Regina Durrer-Knobel


Cette enseignante en économie et vice-rectrice de l’école professionnelle de Stans fait désormais de la politique au Conseil national.


Thomas Kern/swissinfo.ch

La parenté aux États-Unis de la nouvelle conseillère nationale du Centre Regina Durrer-Knobel a vibré avec elle pendant la campagne électorale. En tant qu’enseignante, la Nidwaldienne ne trouvait rien de plus ennuyeux qu’une classe sage. Portrait.

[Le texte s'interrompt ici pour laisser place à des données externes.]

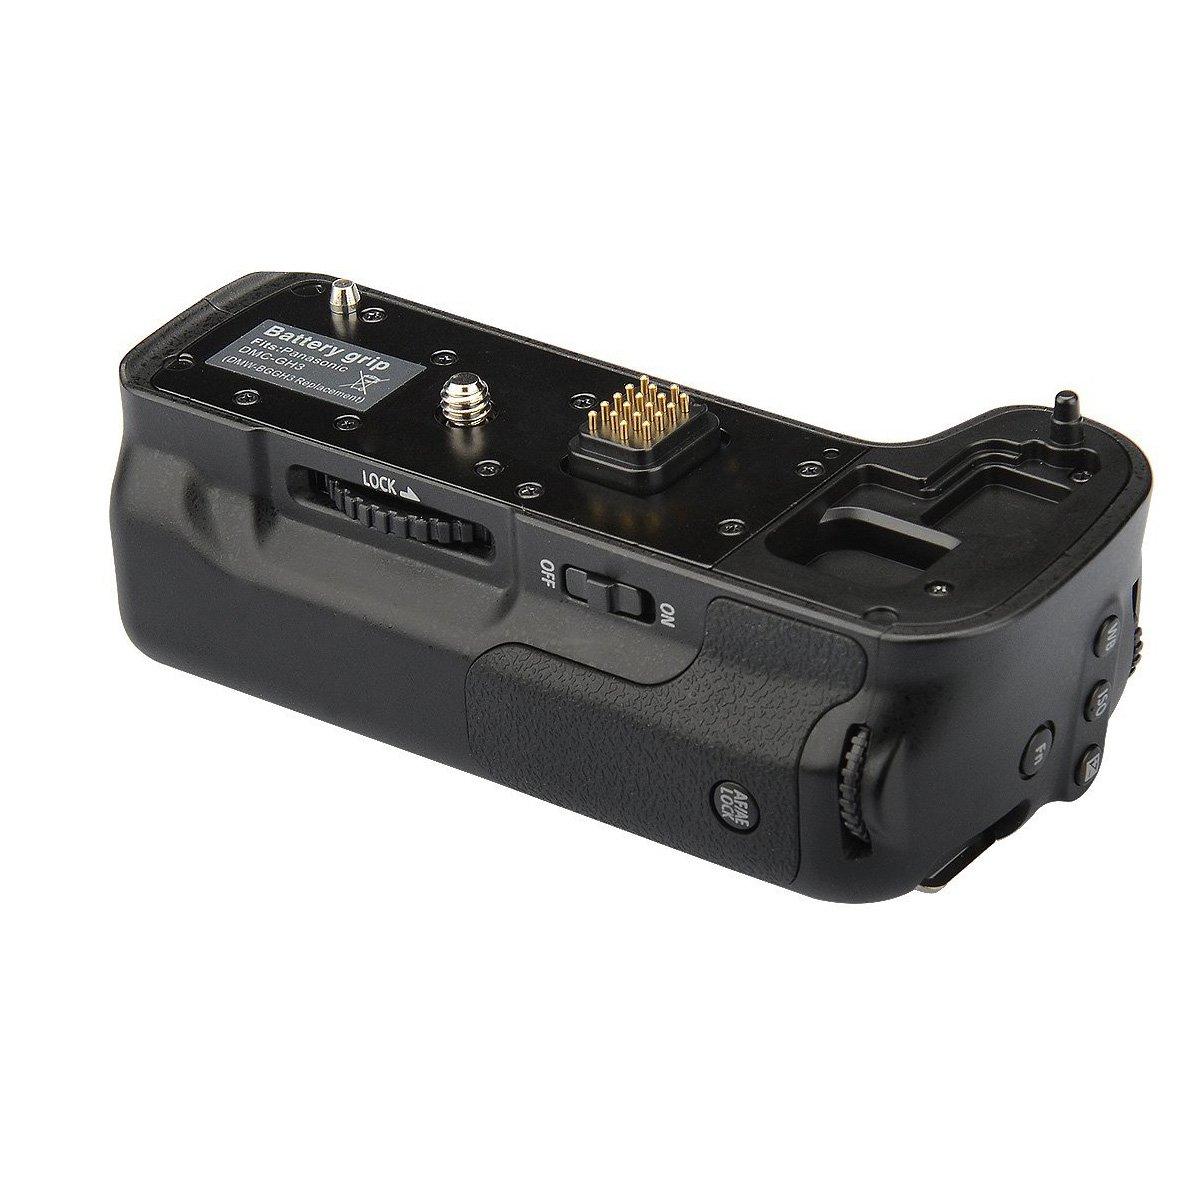 Grip De Bateria Para Camara Panasonic Lumix Gh3 Lumix Gh4
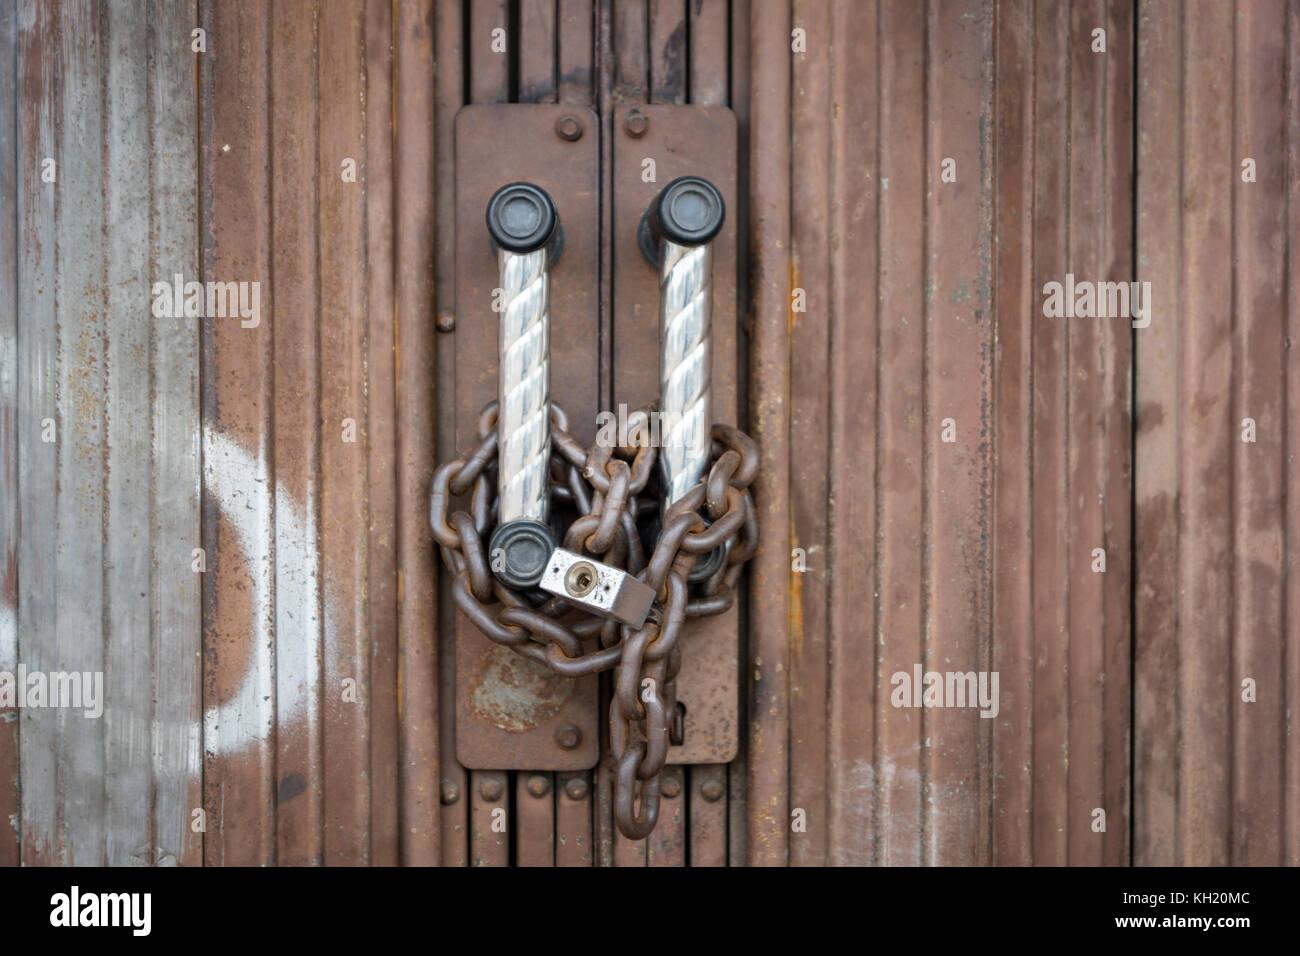 Vorhängeschloss und Kette sicher auf rostige Tür verschlossen. Stockbild

Ils affluent du parking souterrain vers le bâtiment scolaire. Dans le canton rural de Nidwald, de nombreux élèves se rendent en voiture à l’École professionnelle de Stans, chef-lieu du canton de Nidwald.

Avant son élection à Berne, Regina Durrer-Knobel était vice-rectrice de l’établissement, où elle a enseigné l’économie. «Il n’y a rien de plus ennuyeux qu’une classe sage», dit-elle. Durant ses cours de comptabilité, des discussions nourries ont parfois eu lieu avec des élèves.

Débats énergisants

«Le travail pédagogique ne devient motivant qu’à partir de l’instant où une classe a des velléités de vouloir remettre en question jusqu’au règlement de l’école», explique-t-elle. Pour la nouvelle élue du parti du Centre à la Chambre basse du Parlement suisse, cette remarque vaut aussi pour la politique, où selon elle les débats doivent être énergisants.

Elle ajoute «être au mieux de sa forme au sortir de réunions où les participants font preuve d’esprit de contradiction». Et peu importe si elle perd ou gagne.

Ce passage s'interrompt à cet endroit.